There are some 6,000 candidates, grouped into national or regional coalitions or running as individuals.

Iraqi Prime Minister Nuri al-Maliki at a campaign rally in Baghdad
A leading contender is Prime Minister Nuri al-Maliki's State of Law Coalition, which dominated Iraq's nationwide municipal elections in January 2009 on a nationalist, nonsectarian platform.

But it remains to be seen how much al-Maliki's backing of the government's "de-Ba'athification" commission could now rob his coalition of secular and Sunni votes.

Another leading contender is former Prime Minister Iyad Allawi's Iraqiya list, which also runs on a nationalist, nonsectarian platform.

A crucial test for Iraqiya is how many votes it loses over the ban on Sunni politician Saleh al-Mutlaq, one of its key leaders.

Al-Mutlaq and other barred candidates have called their exclusion by the Justice and Accountability Commission politically motivated. The commission is chaired by Ahmad Chalabi, who is part of the main coalition in the election, the Shi'ite religious parties' Iraqi National Alliance.

The Iraqi National Alliance includes most of the parties that now dominate the parliament and that swept the last parliamentary elections in 2005.

Litmus Tests

Key regional contests to watch include Kirkuk, where Kurdish, Arab, and Turkoman candidates are competing -- mostly along communal lines -- to represent the province in the national parliament.

All three ethnic groups lay claim to the oil-rich province, which Iraq's Kurds hope one day to add to their own autonomous region.

Another major barometer is the success of women candidates, particularly beyond the one-quarter of legislative seats guaranteed to them under the constitution.

Women candidates are running on most party lists, despite what they say is a strong bias among Iraq's political parties to fill top positions with men.

"The vision is still a masculine one and parties still nominate men rather than women to the positions due to the fact that these positions are always given to men who assume ministerial positions and are nominated by their parties or political blocs," says one candidate, Salama al-Khafaji, running with the Shi'ite religious parties' Iraqi National Alliance.

As the candidates made their appeals, many were using the Internet to also connect with the some 1 1/2 million Iraqis living outside the country, mostly in Jordan and Syria.
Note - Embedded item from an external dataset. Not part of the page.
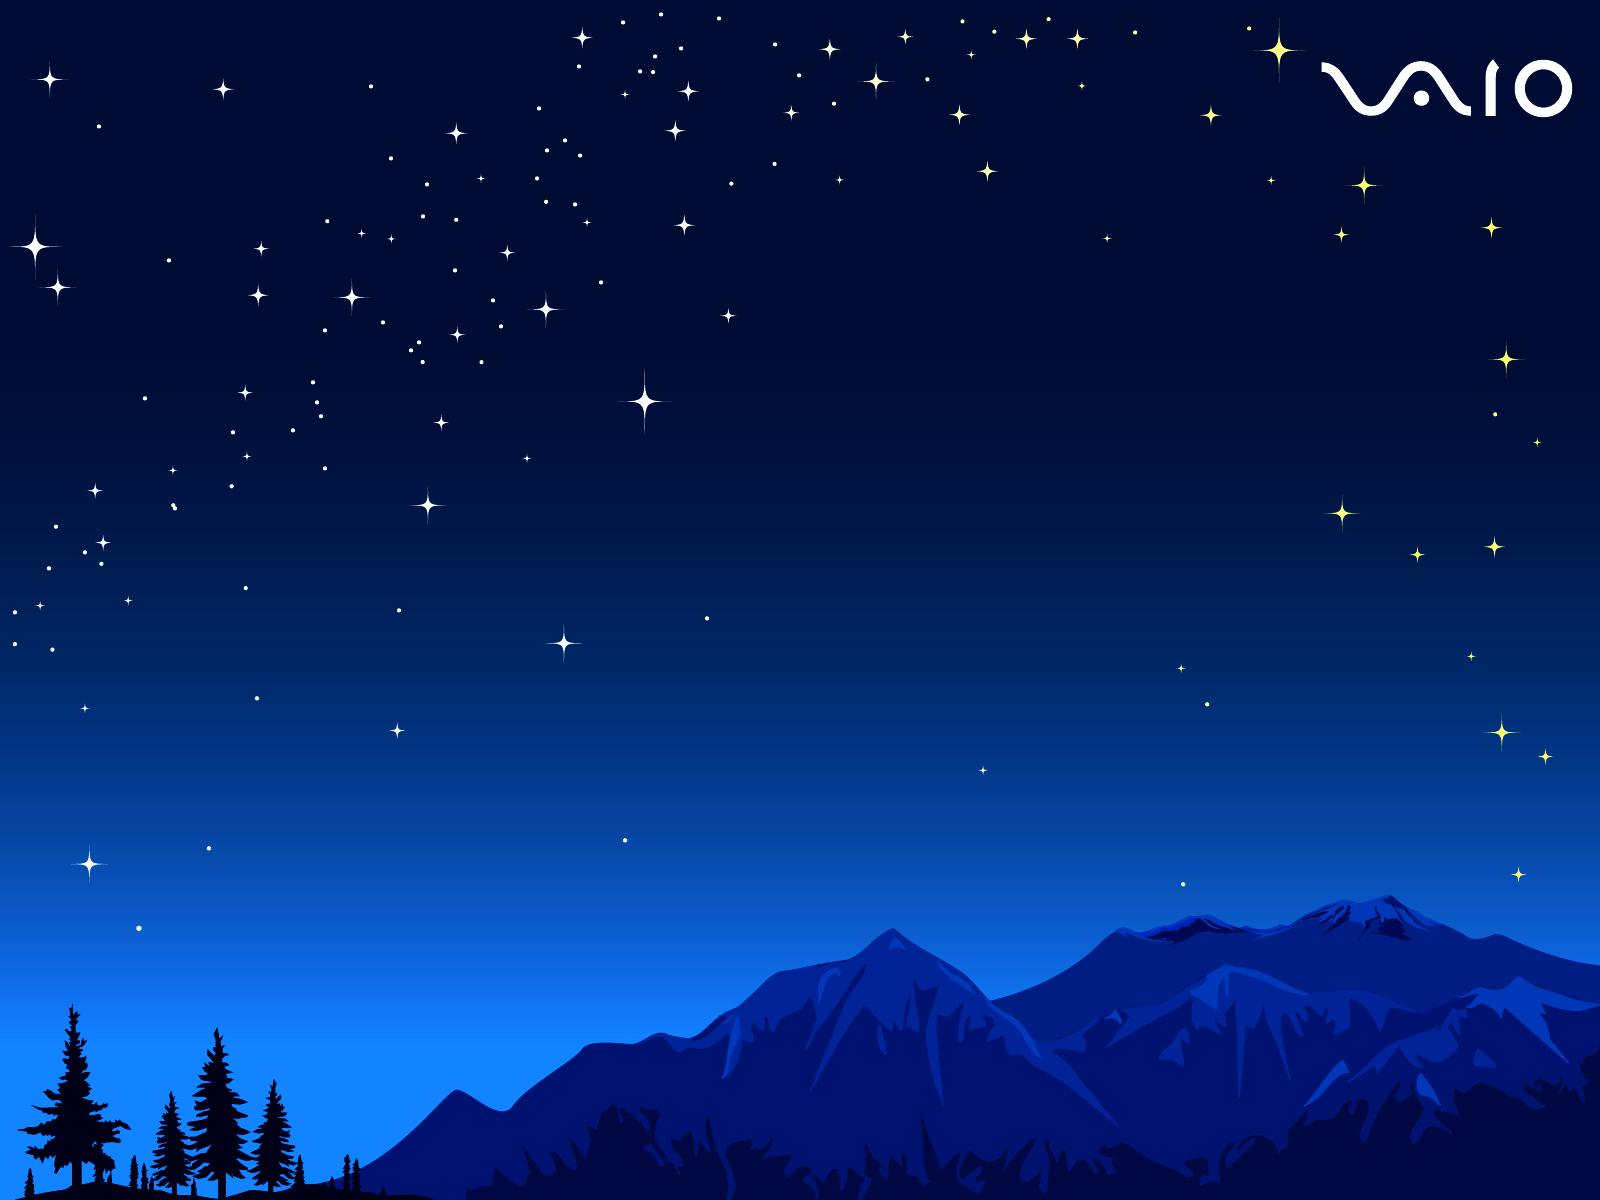 Must see Wallpaper Mountain Windows 10 - Starlit_1600x1200_n  Pic_568962.jpg

Expatriate Iraqis, many who fled the sectarian violence of the past years, began three days of voting on March 5.

Security Situation

Inside Iraq, voter turnout is expected to depend partly on the security situation at local polling places.

Security was tight in the capital, Baghdad, ahead of the vote, which Islamist insurgents have vowed to derail with violence. Al-Qaeda's branch in the country has ordered Iraqis to stay home and threatened to kill voters.

A firefighter walks past the wreckage of a bus at the site of the Al-Najaf blast on March 6.
Baghdad police officer Abu Imad told Reuters that the police and the army were controlling the security situation.

Security forces have banned vehicle movement on election day to prevent election-day bombings. Air, sea, and land movement will also be closed between provinces.

Almost 50 people have been killed in the last few days of campaigning, including soldiers and police voting early.

Today, a car bomb exploded in Iraq's holy city of Al-Najaf, killing four Iranian religious pilgrims.

Iraq's polling centers are due to open at 7 a.m. Baghdad time and close at 5 p.m. The Election Commission has said the operating hours could be extended later into the evening if required by turnout.

Election officials say they expect to have preliminary vote results three days after voting ends.